Há uns tempos, enquanto vagueava descontraidamente por entre os corredores de um supermercado da minha vizinhança, dei de caras com uma marca de atum que desconhecia. Chama-se “Risonho”, e o aspecto gráfico da pequena latinha cativou-me de imediato. Sem olhar a custos, depositei cuidadosamente uma destas latas no meu cesto de compras. Chegado a casa, tirei-lhe umas fotografias que gostava de partilhar convosco.

Risonho1Risonho2

Ahhhhh… Atum Risonho… Isto não é uma lata de atum: é um repositório de nostalgia e de melancolia. Há qualquer coisa no design utilizado que nos leva de volta aos tempos antigos, onde a vida era mais inocente, simples, e feliz. A beleza poética de uma realidade que já não volta invade-nos, ao ponto da singular lágrima do saudosismo aparecer ao canto do olho… Esses é que eram os tempos… Atentai, atentai, ó gente de agora, ó arautos do pós-modernismo, atentai na expressão de felicidade do petiz. O pequenote que, após mais um sábado bem passado na companhia dos seus amigos lusitos da Mocidade Portuguesa, sai, na triunfante inocência da sua correria traquina, com a preciosa latinha de atum erguida bem alto: hoje já vai haver fartura sobre a mesa! Aliás, se a memória não me atraiçoa, nos dias da distribuição do atum, o hino da Mocidade era alterado, e acrescentava-se o ATUM ao tríptico “Deus, Pátria e Família”. Era qualquer coisa deste género:

Lá vamos, cantando e rindo
Levados, levados, sim
Pela voz do sabor tremendo
Do Atum, – paladar sem fim.

Lá vamos, que o atum é lindo!
Latas e latas comendo,
Lascas inteiras deglutindo!

Atum posta imortal,
Negra fome despedaça
Abunda nos mares de Portugal

Comer! Comer! E lá vamos!
Atum em óleo, oferece o que pescámos
À Mocidade que passa.

Ah, bons velhos tempos… Era uma época menos complicada. Uma altura em que, por causa da fome, da pobreza e do temor, uma latinha de atum era uma paga mais do que suficiente pelos favores sexuais dos jovens. Está certo que alguns choravam, na hora H, mas, depois do serviço terminado, quando lhes era entregue a valiosa lata, um sorriso voltava àquela delicada face imberbe, e lá iam, risonhos (lá está!)… Nada desta confusão de agora, com tribunais, juízes e jornalistas (o suposto “escândalo” Ballet Rose não passou de uma ficção idealizada por um cronista mais imaginativo).

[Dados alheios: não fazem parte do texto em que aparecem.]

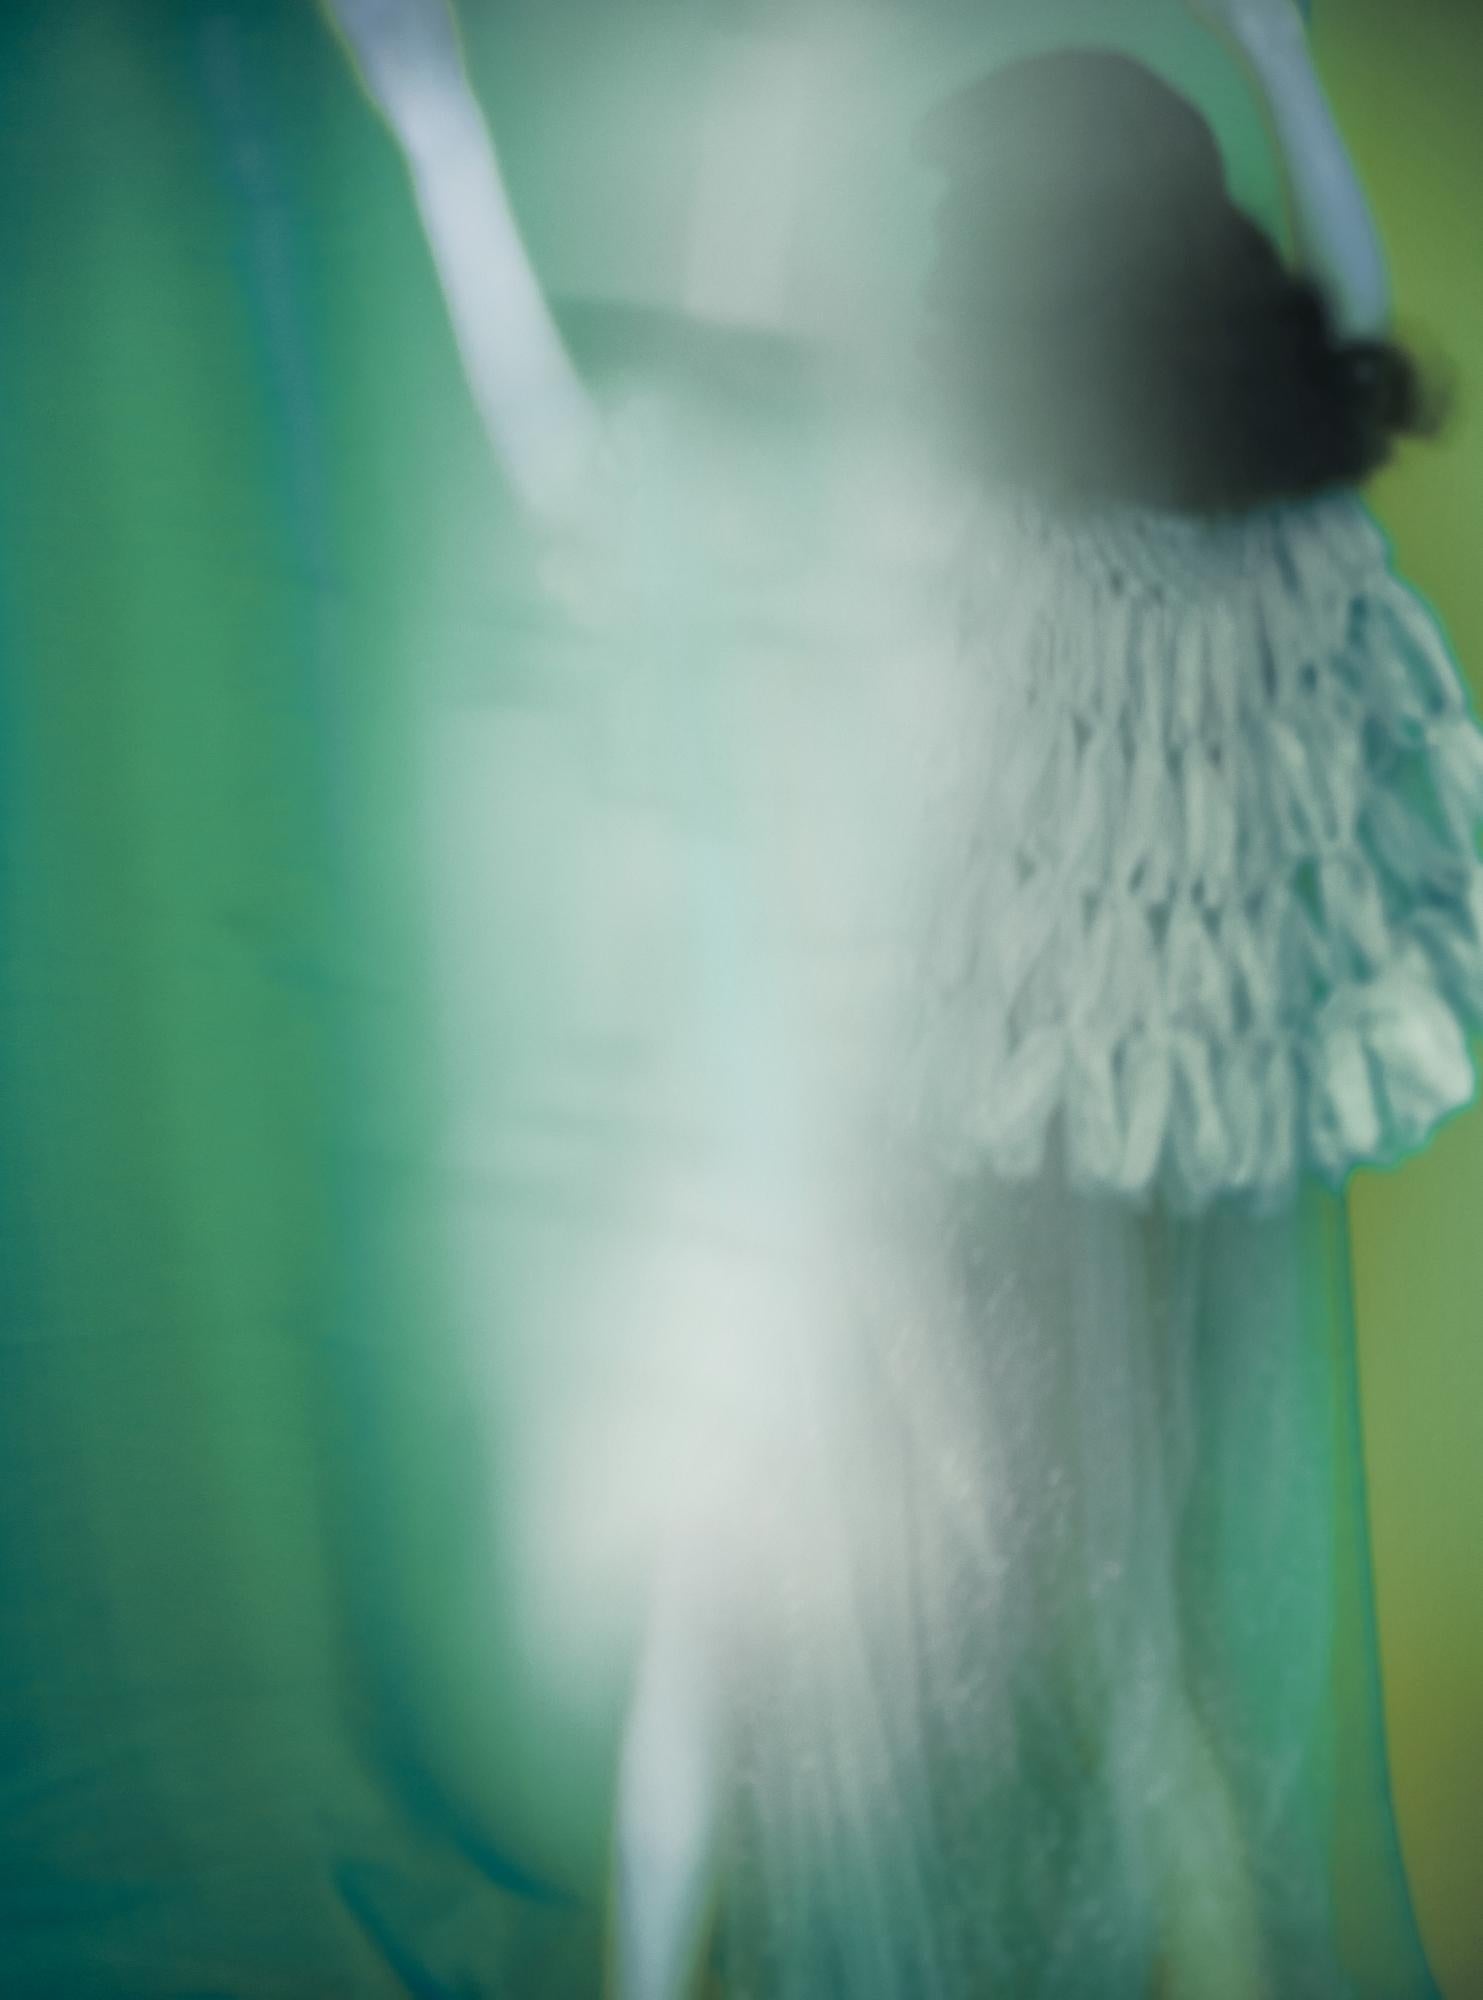 Not titled yet – Erik Madigan Heck, Fashion, Human, Art, Dress

mas fiquei sem perceber porque é que o atum se ri.


Cara Mipo, estou farto de pensar nisto e, até agora, a hipótese que me parece mais provável é esta. O próprio atum gosta da petizada! É por isso que sorri. É porque sabe que a sua carne vai trazer expressões de satisfação e agrado as faces daqueles que são, como já dizia o outro, o “melhor do mundo”. Afinal de contas, o facto de ser pescado, morto, escamado, desfeito em pedacinhos (como diz na embalagem) e enviado numa lata, não passa de um pequeno sacrifício que se faz em troca de um sorriso de criança.


Os bacalhaus é que deviam rir: têm caras (e línguas), no entanto a minha douta (como sempre) explicação é: o atum é risonho porque está mergulhado em óleo, logo escorrega melhor (nunca se sabe se há alguém com taras de latas de atum). Aproveito para perguntar se não acham aquele joelho na argolinha, esquisito demais.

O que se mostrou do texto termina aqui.